Exercise aim: Please output the line containing "Midcentury colorful representation" and all lines that follow it in the data below, exactly, with no pictures.

Given information:
______
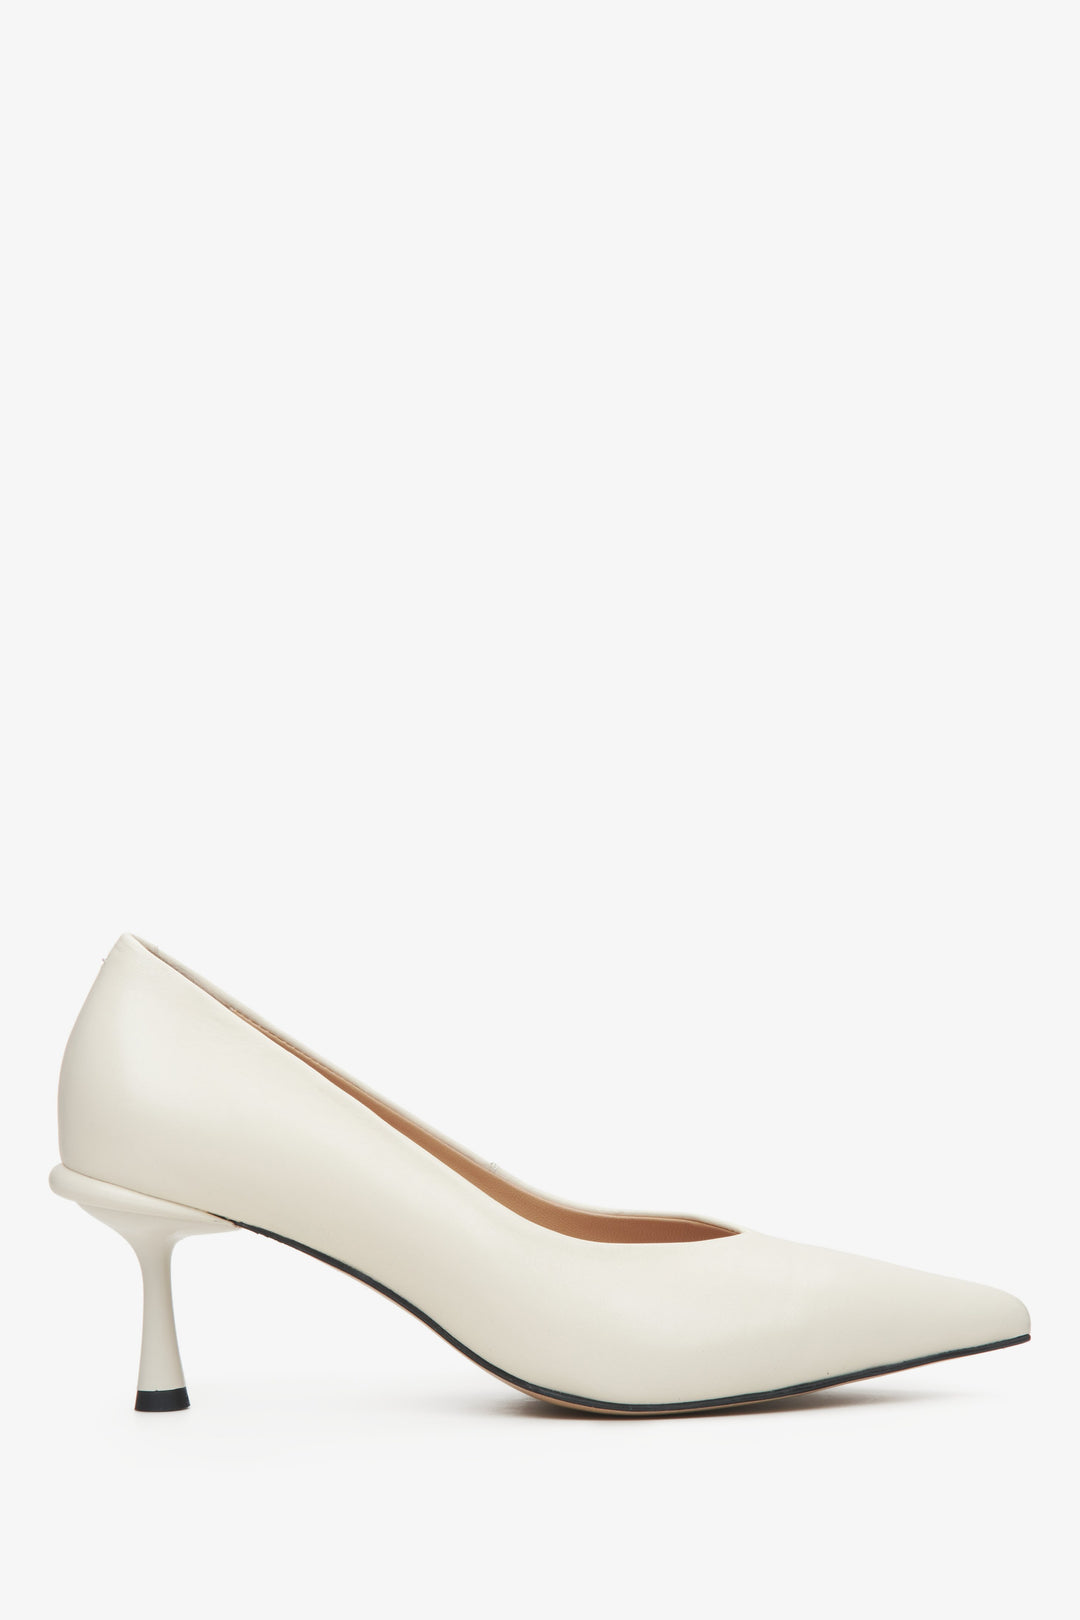 Milky-Beige Genuine Leather Pumps with Pointed Toe Estro ER00115098.
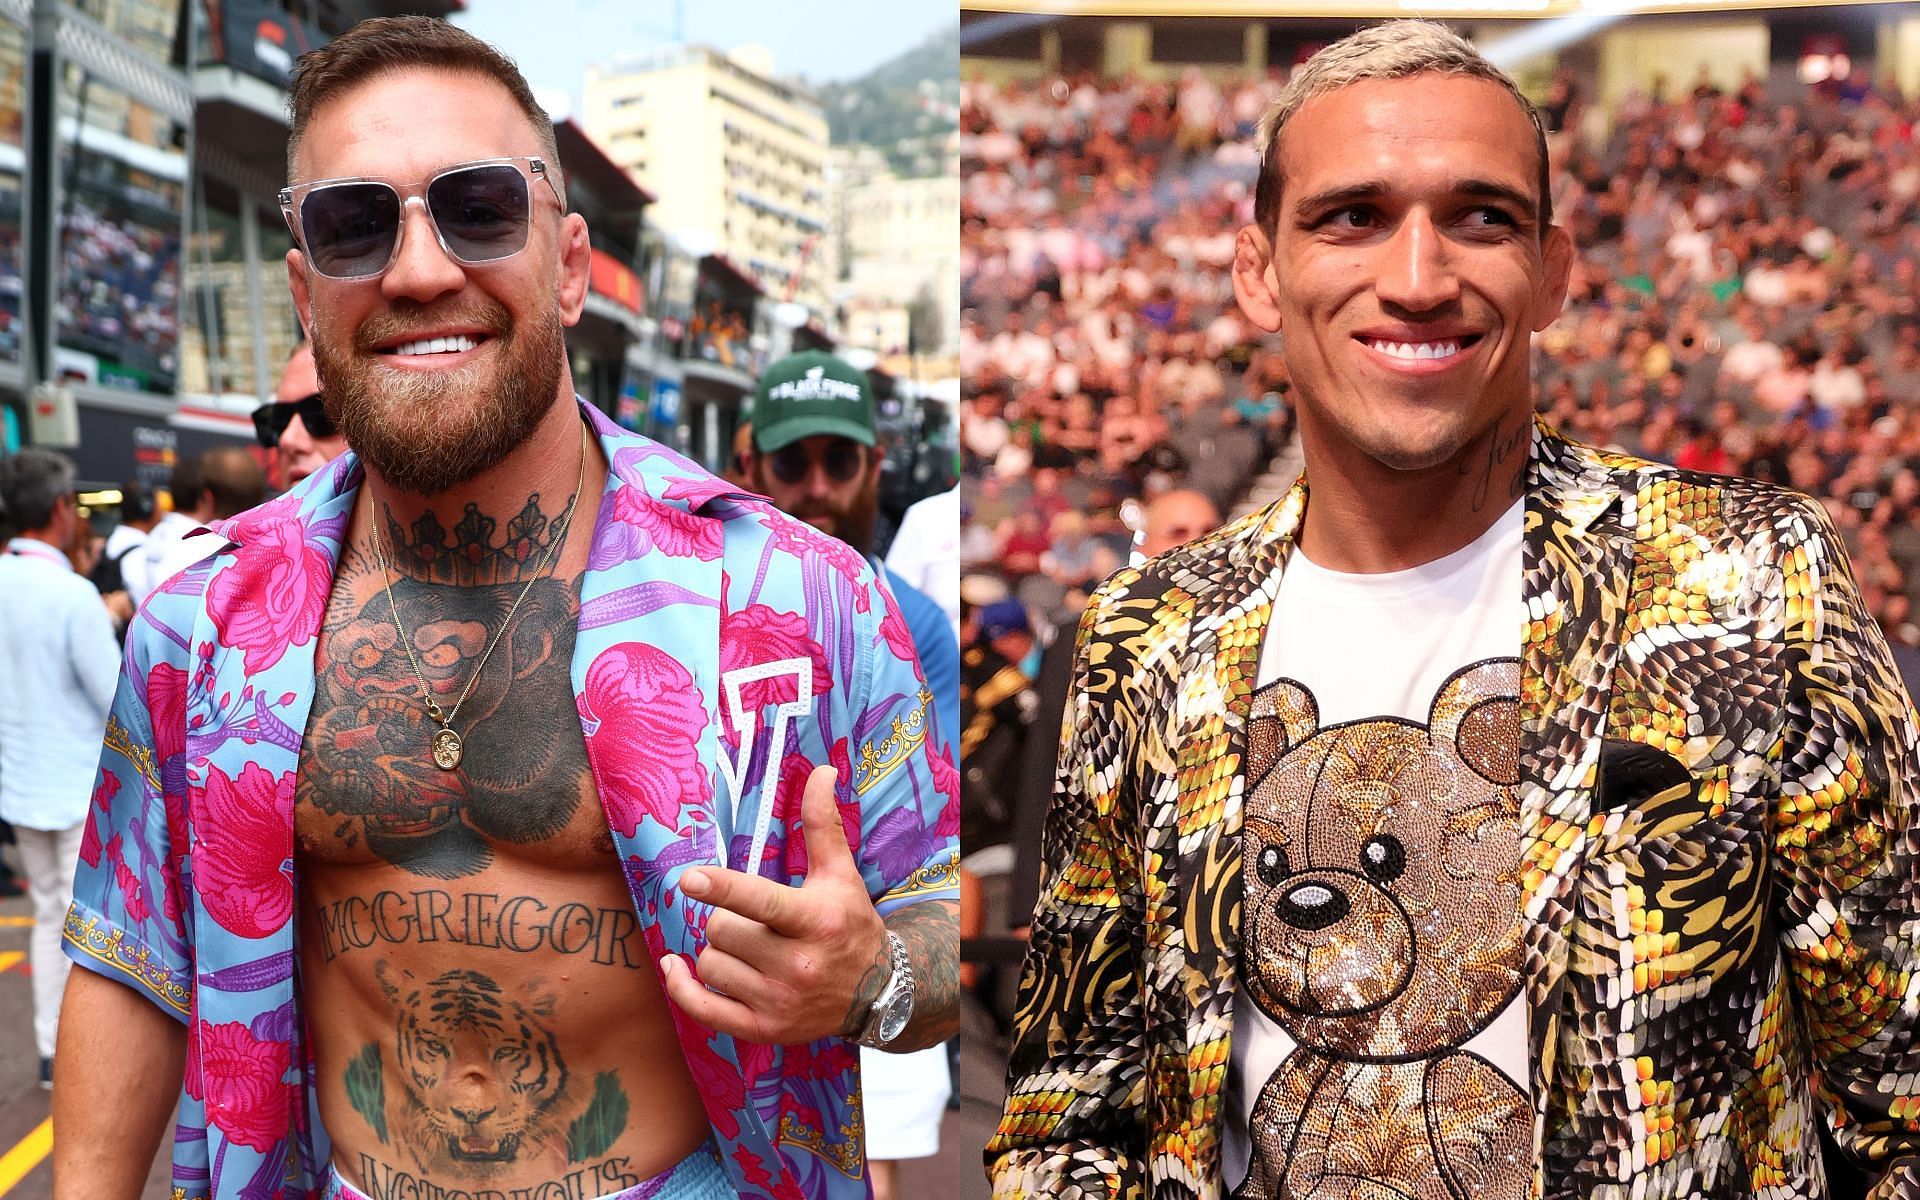 Conor McGregor (left) and Charles Oliveira (right) (Images via Getty)
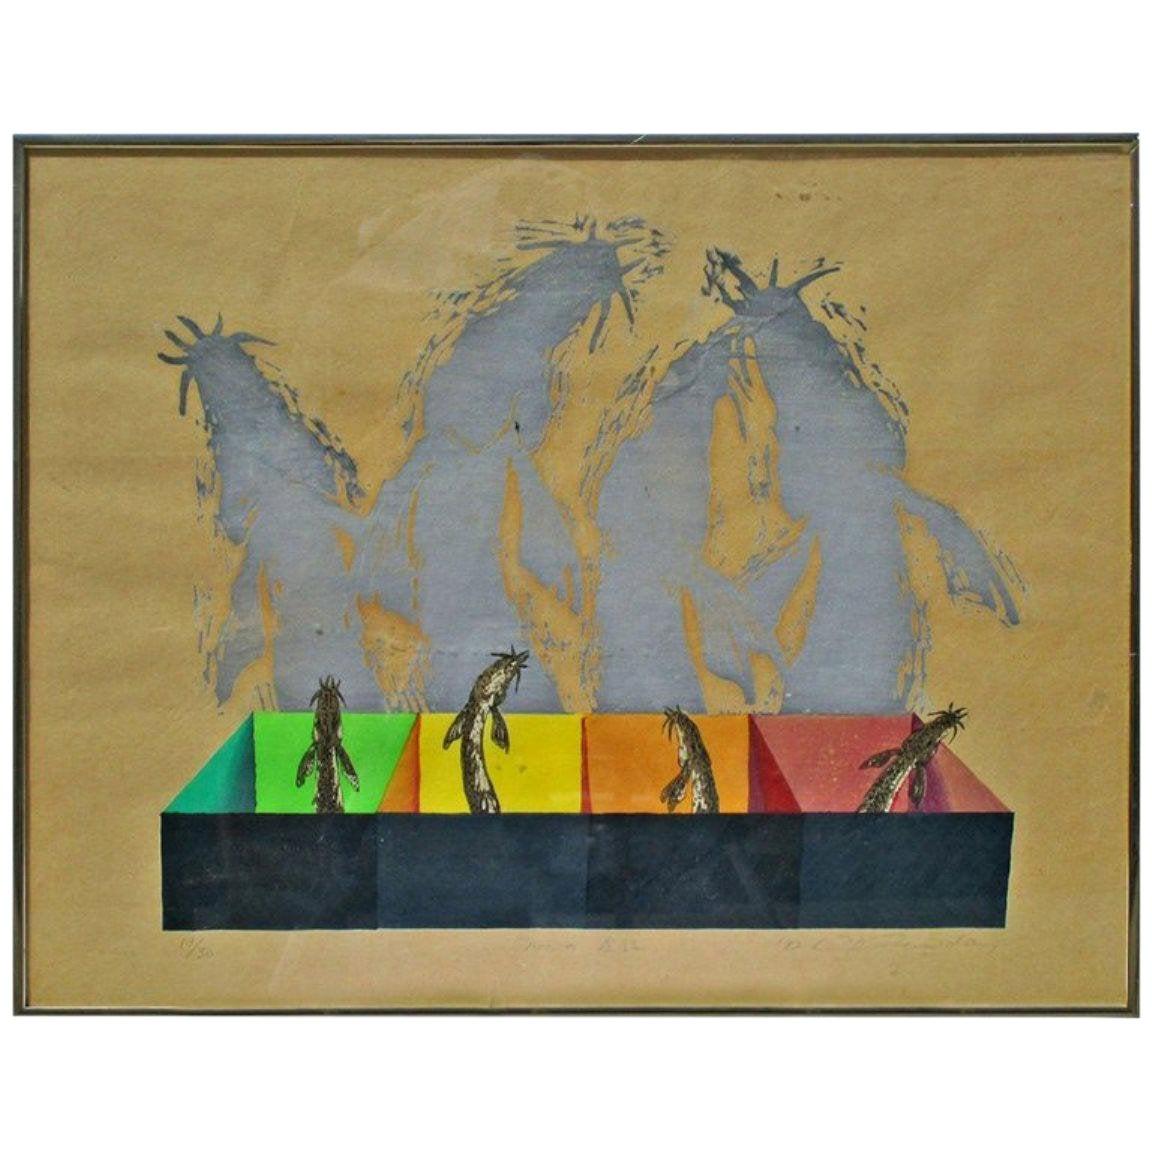 Midcentury colorful representation of 4 coy fish by Chinese artist (signed and dated). Painted on silk. Framed and exhibited in Honk Kong. Numbered 13/30. 
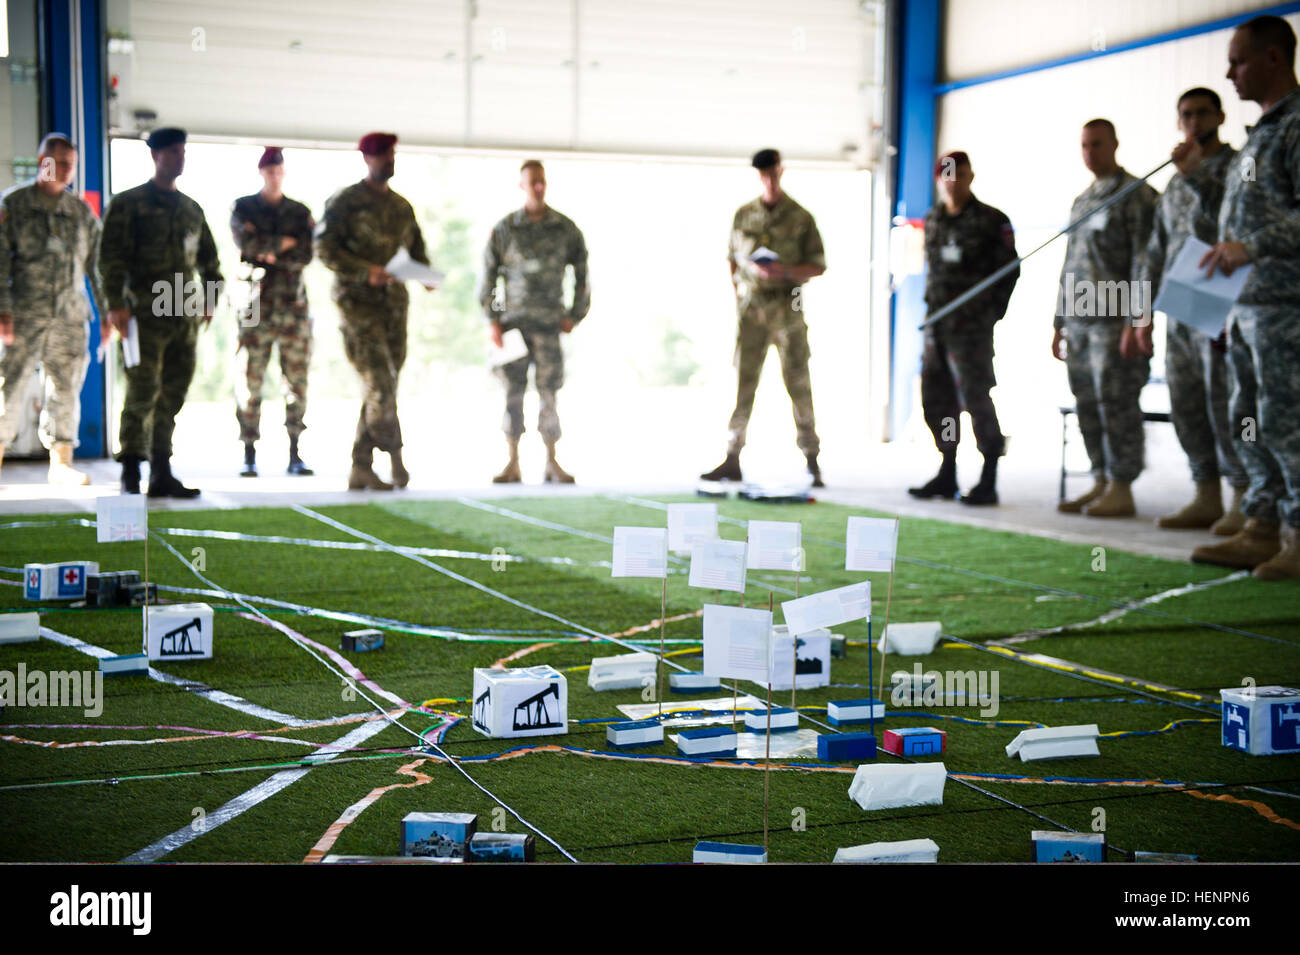 U.S. Soldiers and foreign service members gather around a large-scale sandtable to track troop movement on a simulated regional crisis map Aug. 25, 2014, in Postojna, Slovenia, during Immediate Response 14. Immediate Response is a U.S. Army Europe-led combined joint tactical field training exercise designed to build interoperability between NATO, Croatia and its regional partner nations. (U.S. Army photo by Staff Sgt. Caleb Barrieau/Released) U.S. Soldiers and foreign service members gather around a large-scale sandtable to track troop movement on a simulated regional crisis map Aug. 25, 2014, Stock Photo
______
Problem solution:
 Midcentury colorful representation of 4 coy fish by Chinese artist (signed and dated). Painted on silk. Framed and exhibited in Honk Kong. Numbered 13/30. 
 U.S. Soldiers and foreign service members gather around a large-scale sandtable to track troop movement on a simulated regional crisis map Aug. 25, 2014, in Postojna, Slovenia, during Immediate Response 14. Immediate Response is a U.S. Army Europe-led combined joint tactical field training exercise designed to build interoperability between NATO, Croatia and its regional partner nations. (U.S. Army photo by Staff Sgt. Caleb Barrieau/Released) U.S. Soldiers and foreign service members gather around a large-scale sandtable to track troop movement on a simulated regional crisis map Aug. 25, 2014, Stock Photo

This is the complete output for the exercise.